Я вот уж буду участником 42-го (страшно сказать!) Праздника поэзии и 15-го (тоже не шутки!) театрального фестиваля. Чего-то успел увидеть и о чём-то подумать. И они как-то сошлись во мне, эти Праздники, как и в сердце каждого псковского человека, и их не разорвать. И мысль легко соединяет их и иногда подменяет один другим.
Куда отнести Д.Н.Журавлёва, читавшего Пушкина в 67–69-м годах в августе в Тригорском доме, когда “ложился на поля туман”, когда по столам тригорских барышень уже стояли яблоки, и всё дышало предвестием осени и счастьем. Как забыть его чудную старую школу чтения с этим его чуть нарочитым “ды” (“О, лето красное! Любил бы я тебя, когда б ни зной, ды комары, ды мухи…”). А театр И.С.Козловского, немного провинциальный, полтавский, когда он непременно становился на колени перед выбранной в театре барышней при пении романса “Я помню чудное мгновенье” и целовал ей комсомольские руки, смущая её до гибели. И что было чтение П.Г.Антокольского с его артистической школой, когда его или пушкинская любовная лирика (тогда поэты на Празднике ещё читали Пушкина) выводила на сцену тень вахтанговской “Турандот”.

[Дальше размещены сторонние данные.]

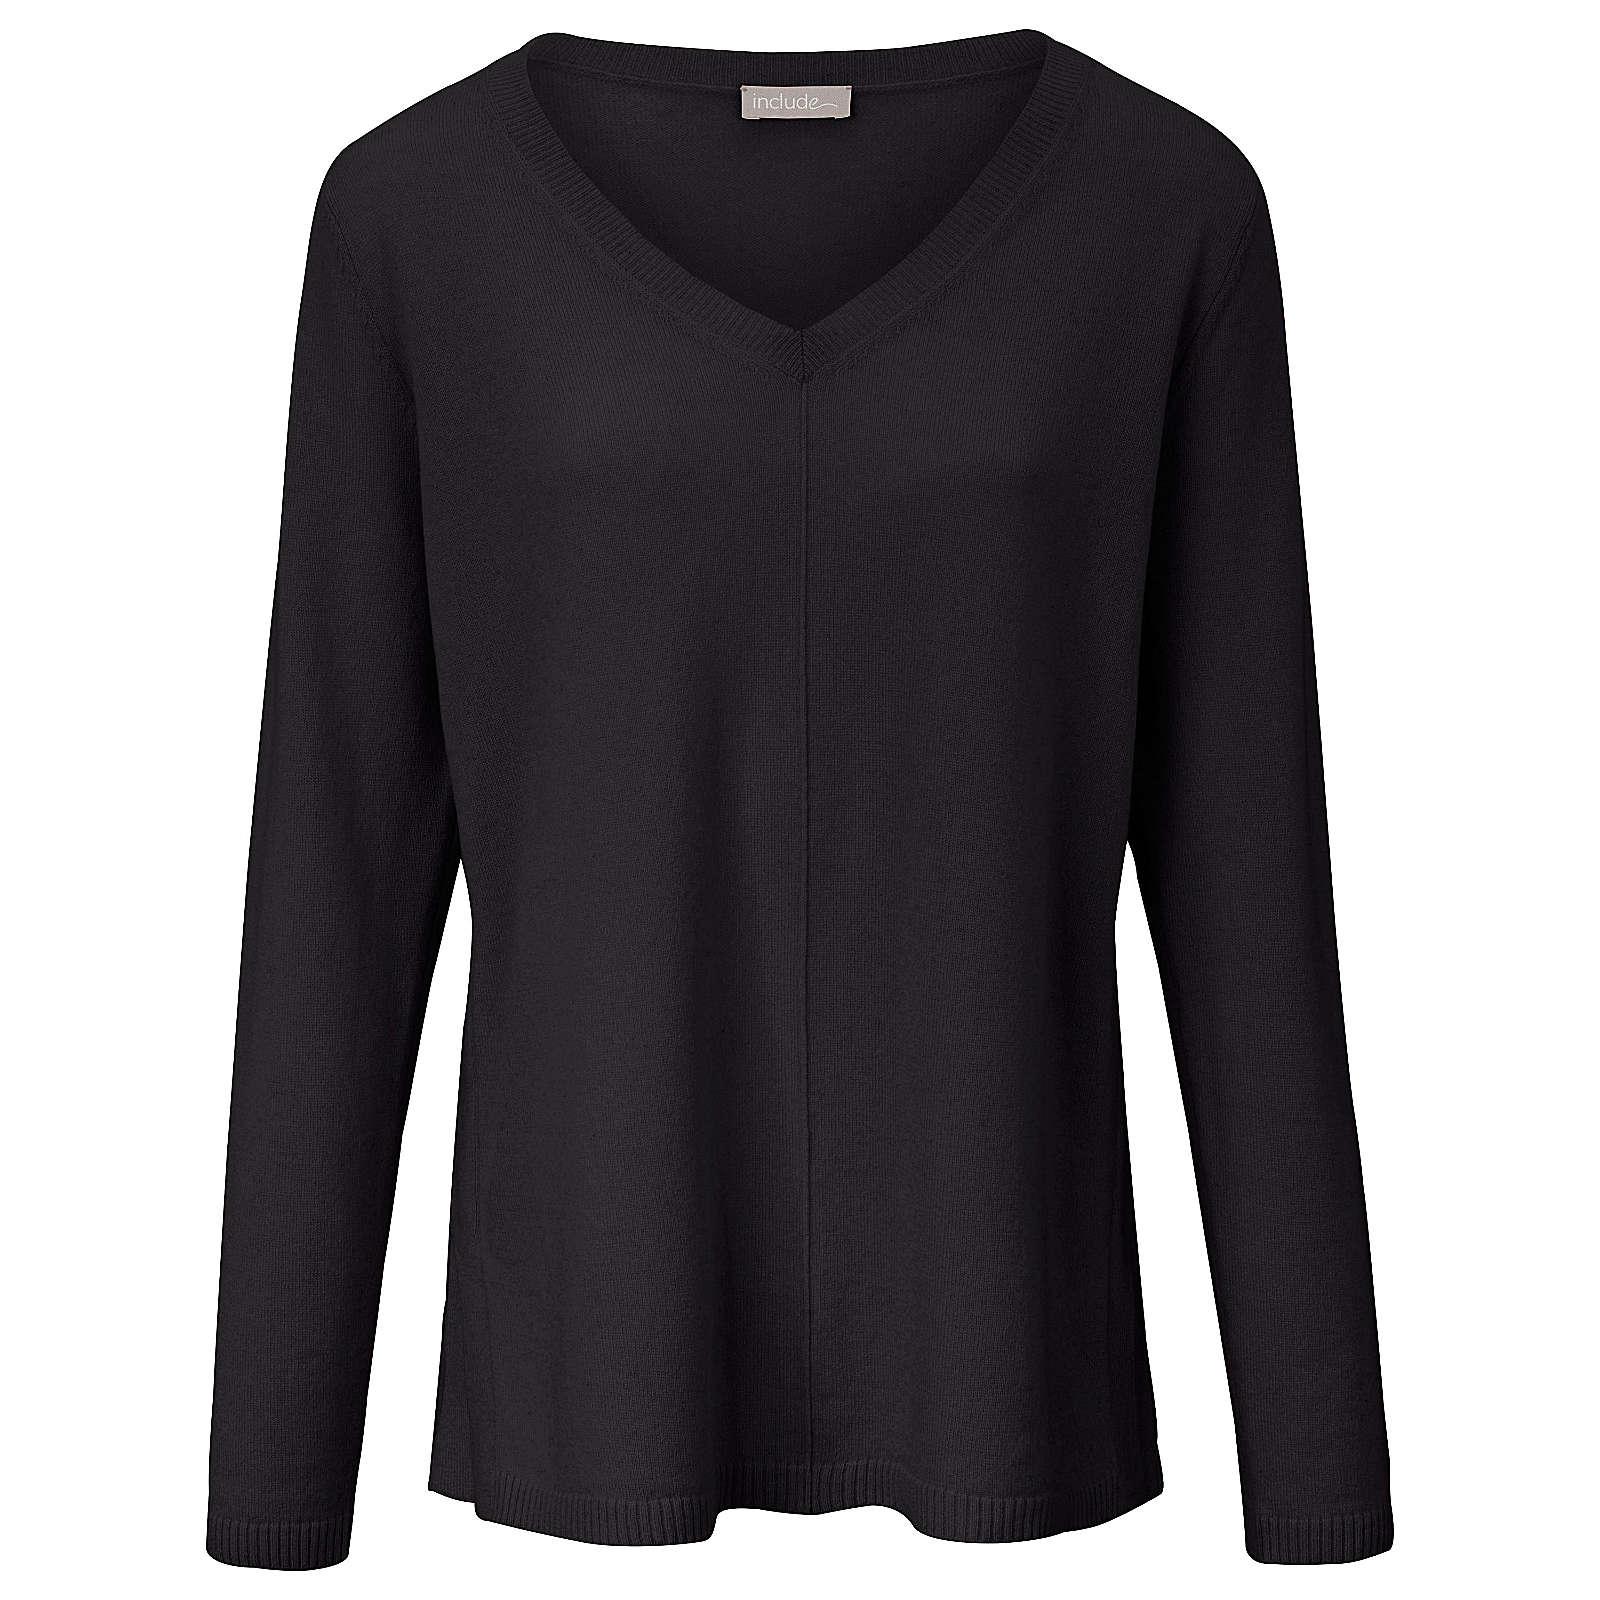 Include V-Pullover V-Pullover aus 100% Kaschmir Pullover schwarz Damen Gr. 48
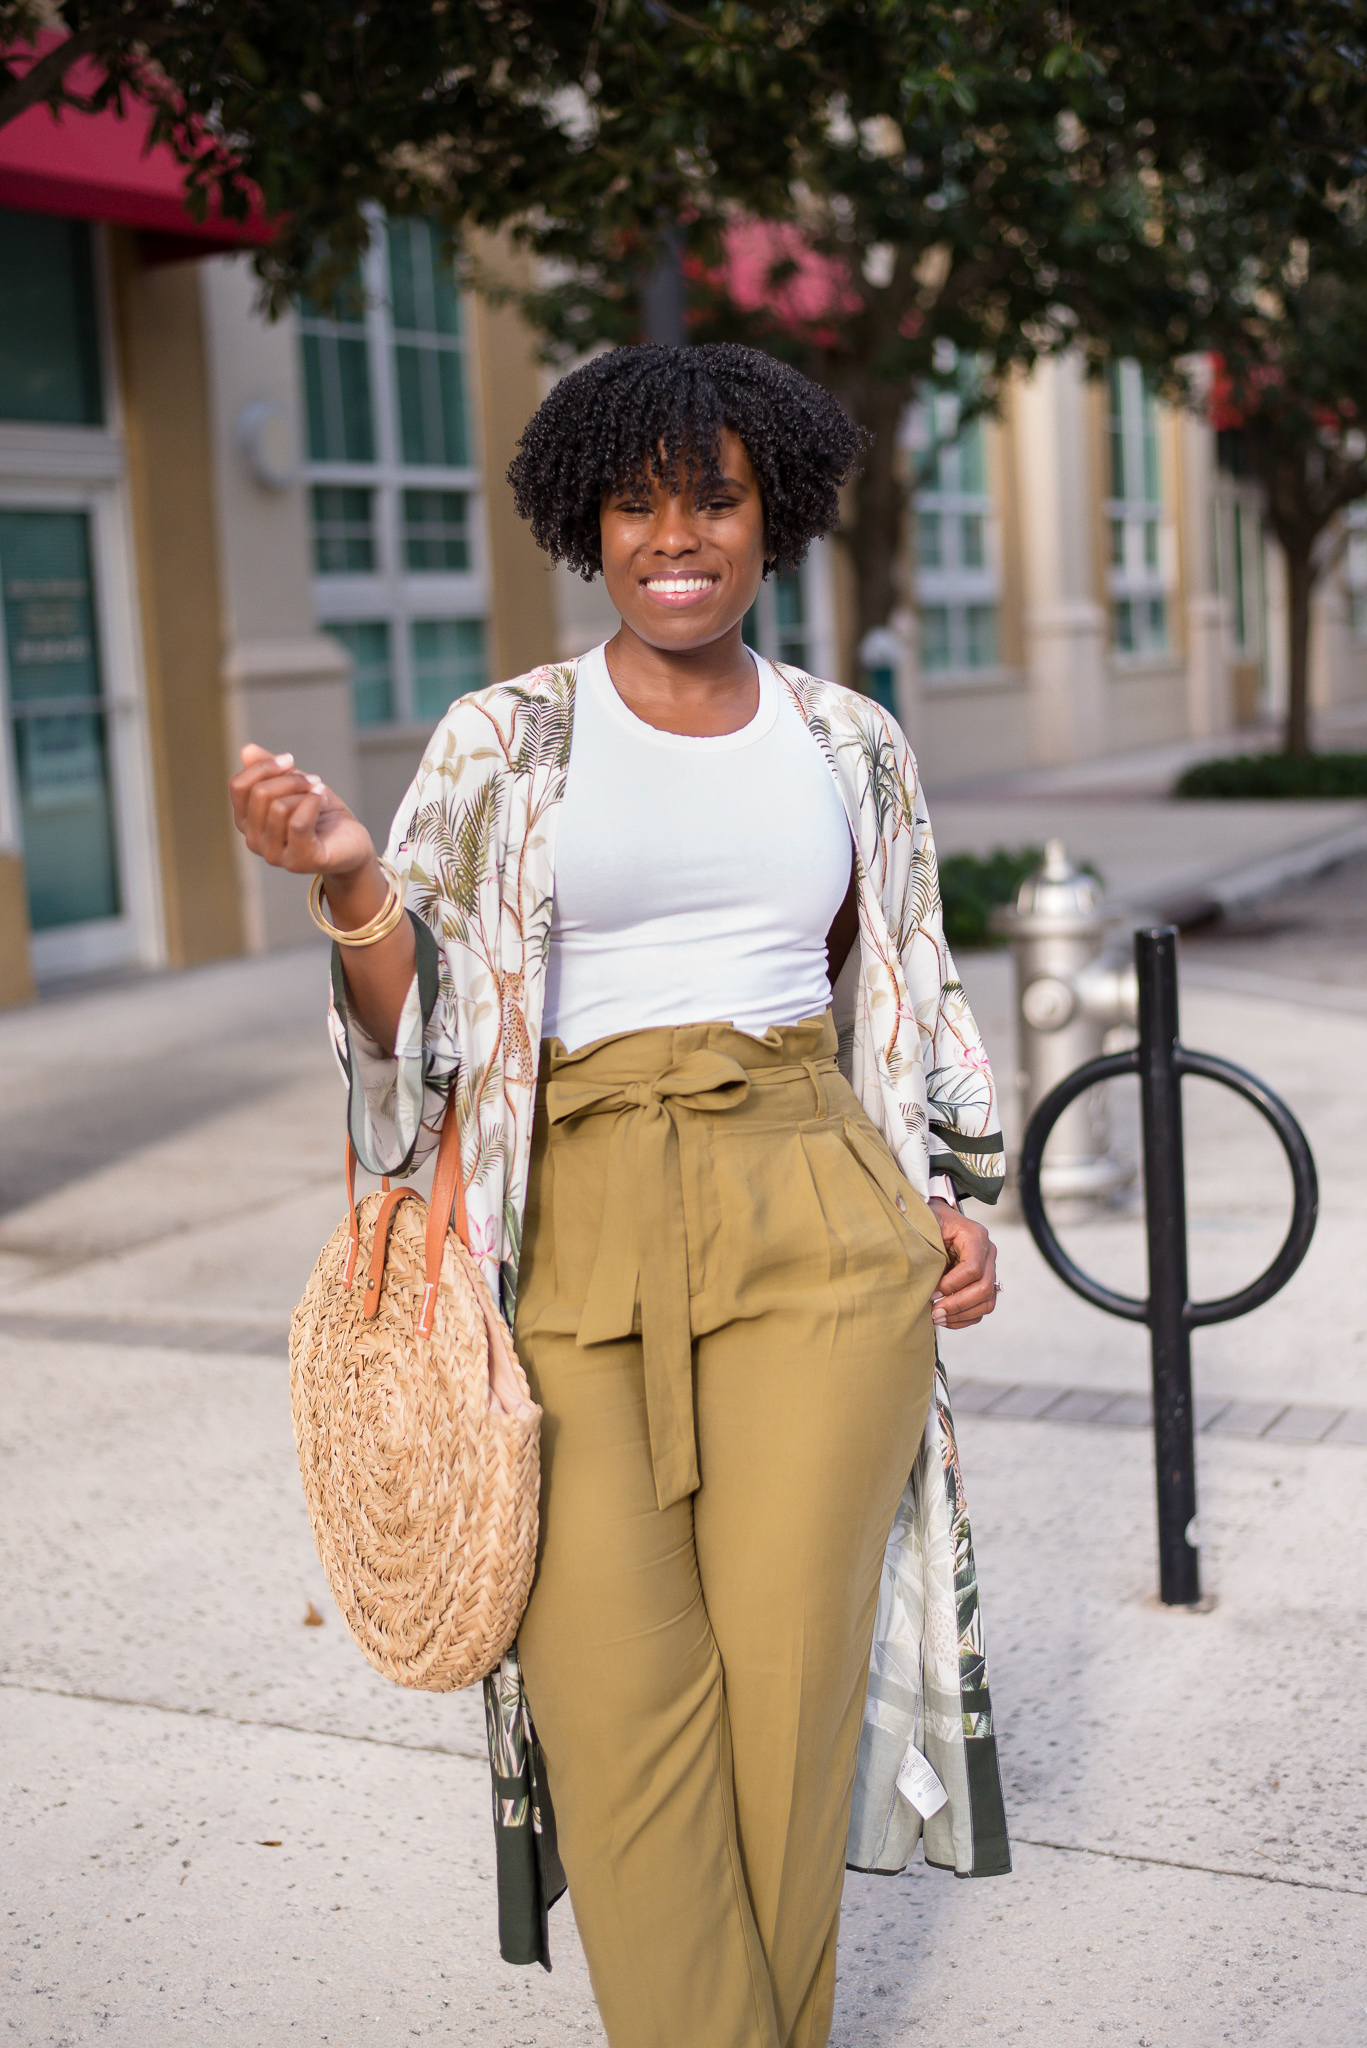 floral H&M kimono, high waist pants, linen paper bag pants, Target straw tote, how curvy girls wear high waist pants

Они сходятся в моём сознании — праздники и фестивали, и скоро я уже не смогу разорвать в памяти рецептеровских мальчиков, которые выросли на наших глазах и мальчиков альманаха “Илья”, которые третий год приезжают в июне и августе и приносят в Михайловское дух лицея и молодой игры. Хотя они, может, в одном только моём сердце и сходятся.
И я надеюсь, что однажды мы соберём поэтов и актёров для общего праздника и оглянемся друг на друга, и услышим слово во всём его богатстве, которое нажил театр, и поймём всю глубину его нового существования, которое нажила поэзия. И, может быть, поймём, что поражения Праздника есть и поражения театра, а победы театра есть обещание побед Праздника.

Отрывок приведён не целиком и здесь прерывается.